= Lived experience leadership =

Lived Experience Leadership across the health sector

Lived experience leadership (or consumer leadership, service user leadership, or patient leadership) in development, delivery, or evaluation of health policy, services, research or education refers to the application of collective experiential knowledge and expertise to decision-making and agenda-setting processes in health services and systems. It differs from patient engagement and involvement initiatives, in which people with lived experience are more tokenistically consulted in initiatives with other health professionals maintaining decision-making power.

== Definitions and origin ==

There is a history of advocacy to redress systemic oppression against mental health consumers going back at least to civil rights movements of the 1960s. While mental health policies and services started to consider consumer engagement at this time, and the world's first identified lived experience academic position was developed and implemented at the University of Melbourne in 2000, it was not until 2005 that the concept of consumer leadership was first explicitly proposed in the academic literature by Sarah Gordon, a service user academic based at the University of Otago. Gordon identified that a paradigm shift from engagement or participation to leadership - such that people with lived experience could use that in decision-making processes - would be needed to realise the benefits of lived experiential expertise and to meet policy directives for lived experience involvement.

The concept and practice of lived experience leadership has largely developed within the mental health space. However, across other marginalised groups and advocates, there has been increasing interest in lived experience leadership, including in other parts of the sector such as palliative care or health more broadly, and among, for instance, others who have been marginalised such as people who have experienced homelessness, or people who have experienced incarceration.

Lived experience leadership is often confused or conflated with other participatory approaches, including patient and public involvement, co-production, or co-design. A key distinction between lived experience leadership and other approaches in which other health professionals (i.e., those not working from lived experience perspectives) control health systems and initiatives relates to the extent to which decision-making power and resources are shared. Approaches controlled by other health professionals, in which people with lived experience are kept out of decision-making and agenda-setting roles or processes, have been criticised for such tokenism.

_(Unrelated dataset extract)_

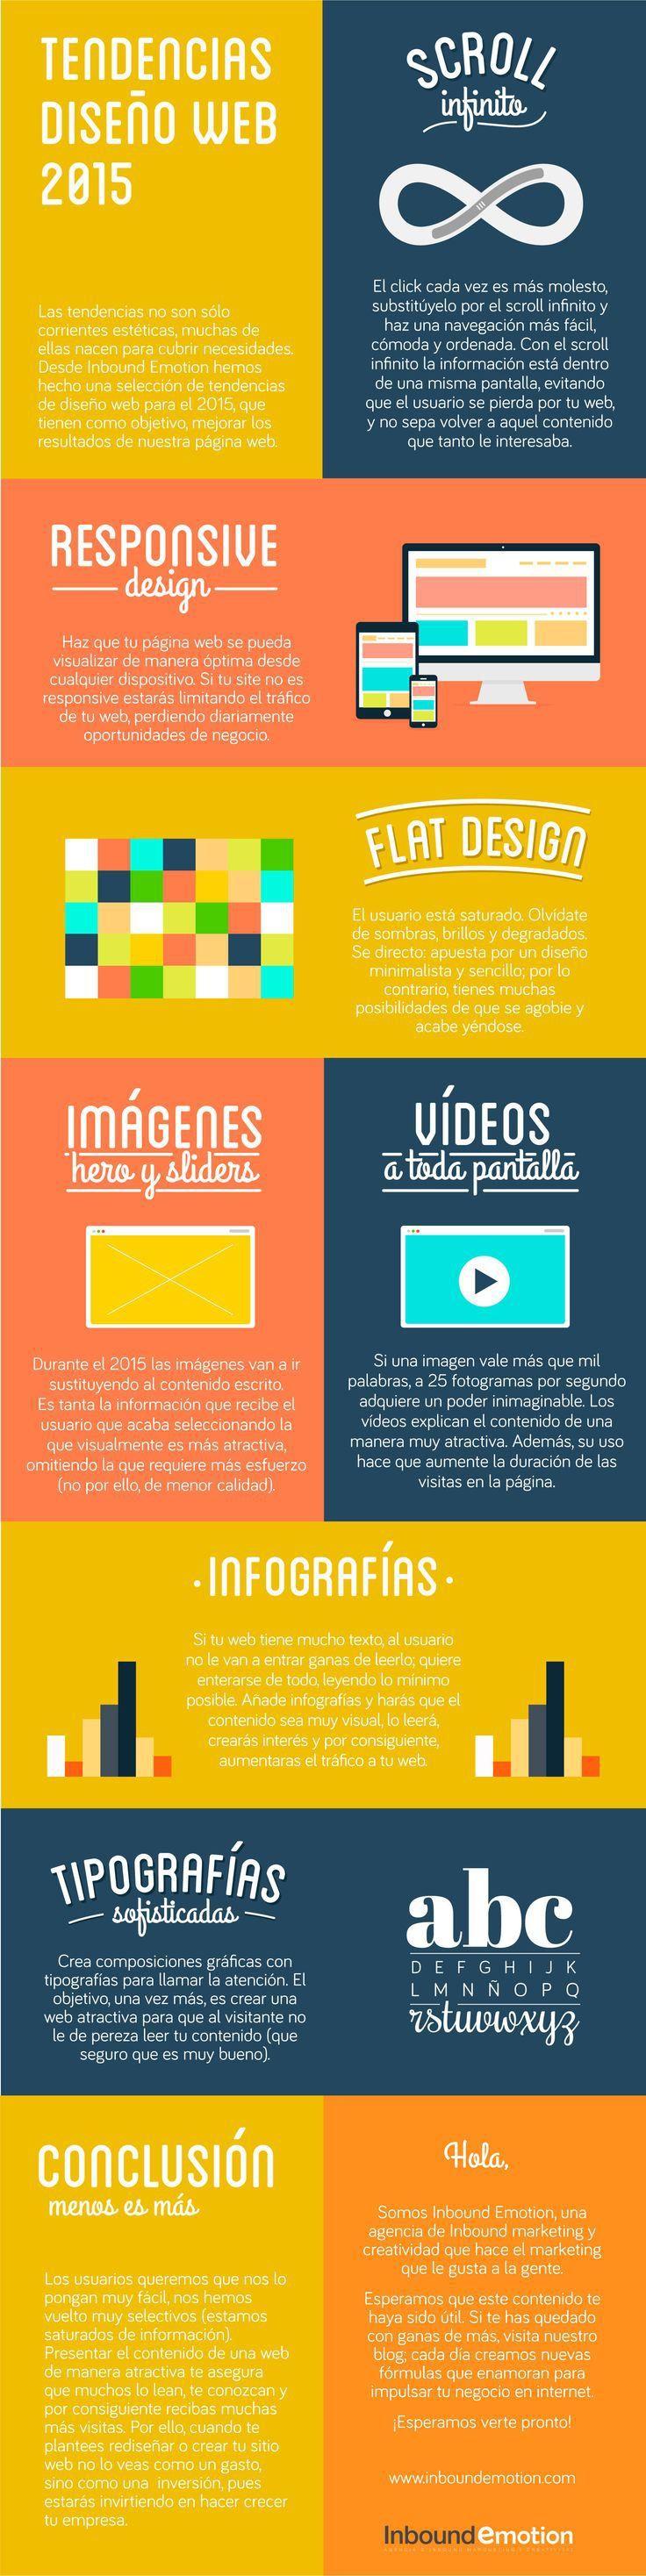 TENDENCIAS EN DISEÑO WEB PARA 2015 #INFOGRAFIA #INFOGRAPHIC #DESIGN

== Characterising lived experience leadership ==

Seminal research into establishing definitions of lived experience leadership has identified key characteristics of it relating to roles, requirements, purpose, and process.

===Roles===
Lived experience leadership can be enacted through a variety of roles, but it is not role-dependant. While obvious examples of roles in which lived experience leadership may be practiced are senior health positions requiring lived experience, it could also take place in representative roles, or in the absence of formal roles.

===Requirements===
The requirements for lived experience leadership appear to be lived experience and leadership capacity. To be considered lived experience leadership, the application of lived experiential expertise should take into not only one's own experiences, but also the synthesis of collective lived experiences.

===Purpose===
The purpose of lived experience leadership is to effect change to improve the circumstances of other service users. Some identified changes brought about by lived experience leadership include contributions to human rights agendas, bridging between services and service users for more meaningful service provision, and less restrictive practices in healthcare.

===Process===

Lived experience leadership is performed through a variety of processes, namely through collaboration, direct or indirect influence over decision-making, application of lived experience, and development of inclusive cultures. Health systems and organisations usually exclude people with lived experience from decision-making structures. However, evidence suggests that recognising the expertise of people with lived experience, and providing resources or opportunities for them to be able to drive health system agendas is a step towards supporting their leadership.